Jan decided that it was his responsibility to represent Belgium to me - this silly American girl - and to make sure I explored and got to know Belgium. Thus he embarked on an effort to expose me to a different aspect of Belgian life each weekend.

He took me to Ghent to drink Genever in quantities and flavour combinations that I would prefer to forget. I am pretty sure we looked at some churches and canals and art galleries, but couldn't tell you anything substantive about them. I do remember he took me to see the world's largest hanging basket of flowers - Yep. - I know, I know - you want the details of how to get there - booking a flight as you read this....

He took me kayaking on the Lesse and Meuse rivers near Dinant where he egged me in to tipping the boat over a waterfall - or three of them - with us in it. He encouraged me to steal a better kayak from other people while we were on one of many beer stops down the river run. He lost the keys to his car and set the alarm off which rang at top volume non-stop for 2 hours until his best friend drove all the way out to Dinant with an extra set of keys. He thought it was hilarious.
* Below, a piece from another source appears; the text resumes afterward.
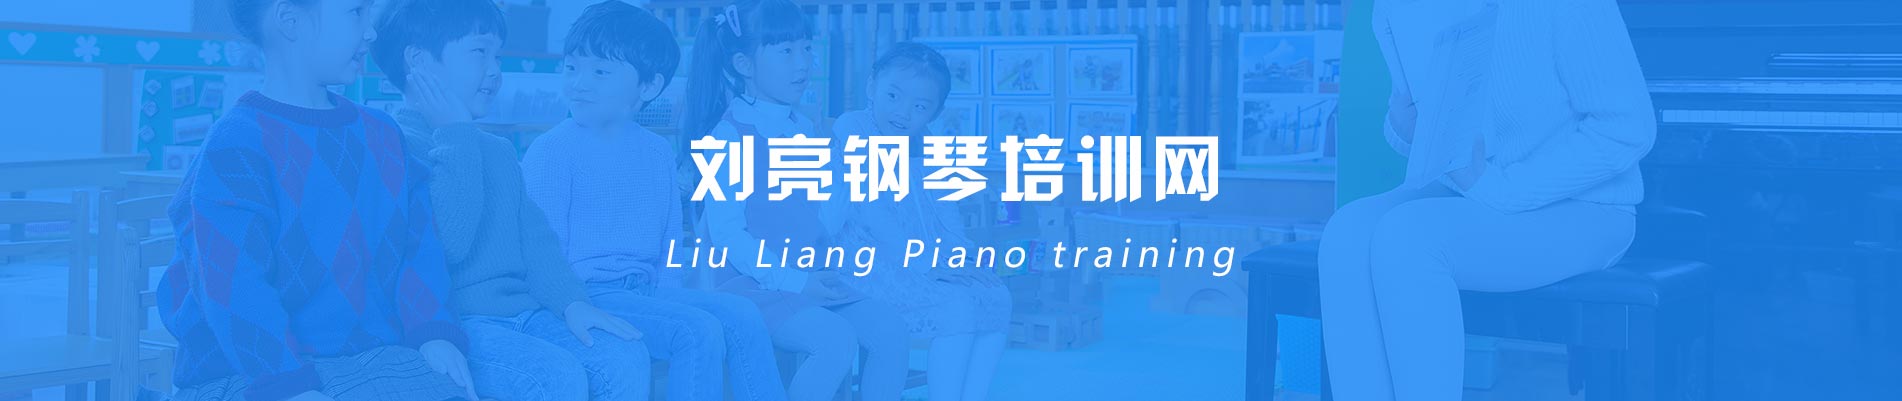 学生陈丹妮获得全国初中组钢琴专业金奖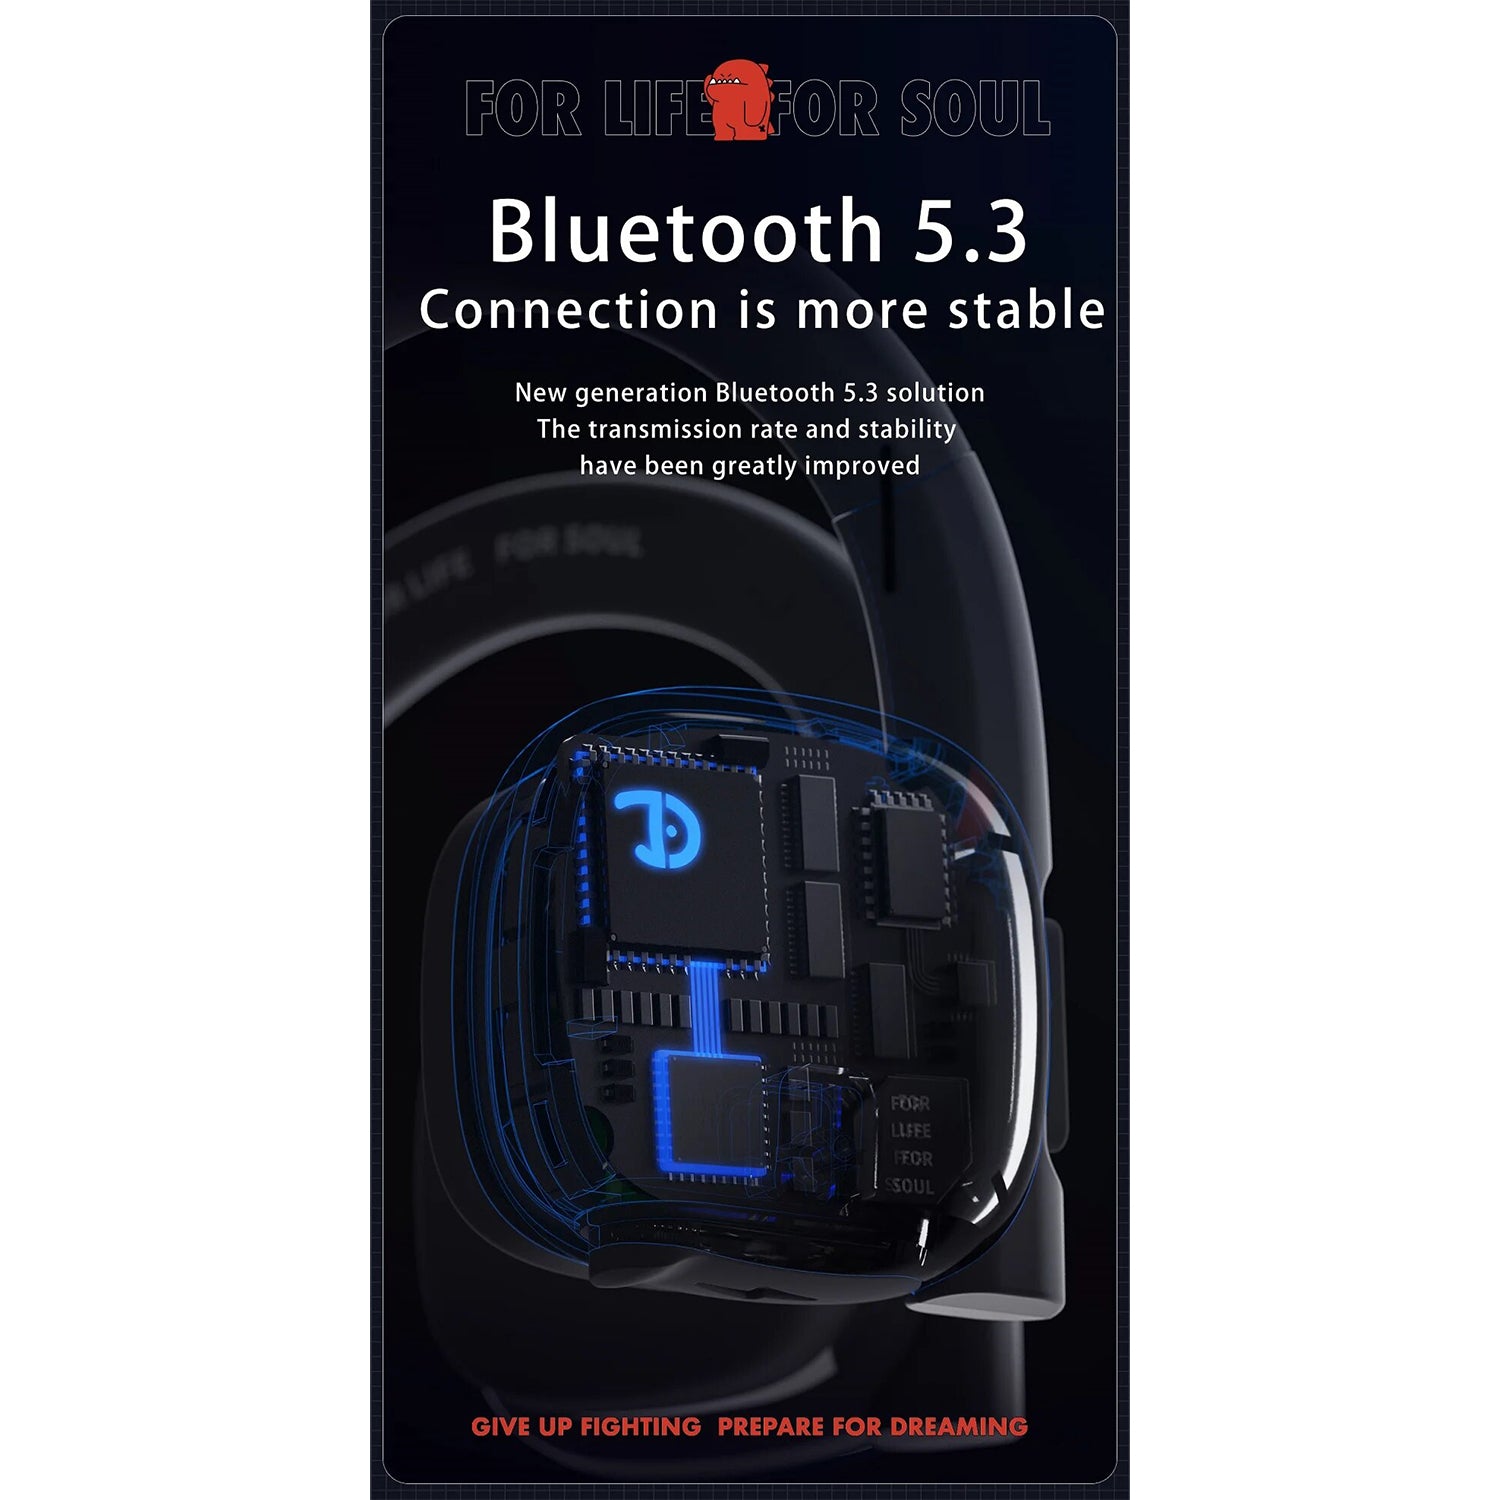 O2W SELECTION DMOOSTER BH330 Open-Ear Bluetooth Sports Wireless Earphones, Black

He took me for Moules near the Begiunage in Brugge and then bicycle riding in Zeebrugge where he insisted that we ride out to the cargo dock miles out the causeway to the cargo load in freezing wind. When we encountered a 10-foot chain link fence on the way out to the cargo load - which pretty clearly meant no trespassing - he insisted that I climb the fence - with my bicycle no less!!! We road out by these massive cargo ships that hold thousands of those cargo boxes like on 18-wheeler trucks. We drove around stacks of boxes waiting to be loaded (later learning that we had ridden around the one filled with immigrants who perished days later) - scary! But he made me do it. And I did.

He invited me to parties, took me to receptions (many of which we crashed without my knowledge until it was exposed) He gave me adventure. Most importantly, he introduced me to his friends - many of whom have become good friends as well. A couple of whom who have become my very best friends.

Crazy Jan has this ability to bring people together and to make everything a fun experience. I was honoured to be present at his wedding a while ago and recently to get a chance to hold their beautiful new baby Nele.

His wife Tania is an amazing woman. She is kind, intelligent, beautiful and funny - it was she who planned this 40th birthday party. She had planned it for a year - and it showed. There were servers bringing gourmet bites all evening, foie gras and onion confit, crevettes salad, Camembert with toasted nuts, marinated anti pasta bites, tiny mousse cups and tarts and petit fours etc - Open bar, DJ, and a really good live band - along with a slide show going all night and featuring over 600 photos of Jan's life - I was tickled when photos of my parties came up - photos of my dog. Like I fit in to the puzzle a bit. Like I was part of someone's life history - not in America, but here in my adopted home country. It meant so much to me because it verified that I have been woven in to at least a small part of Belgium and not lived on the periphery like so many expats do. I think my Dad would be proud of me for that alone.

I have said this before, but it bears saying again. Friends are the most important thing in the world. And I certainly appreciate the friends I have here and back home. Thank you all for being so wonderful.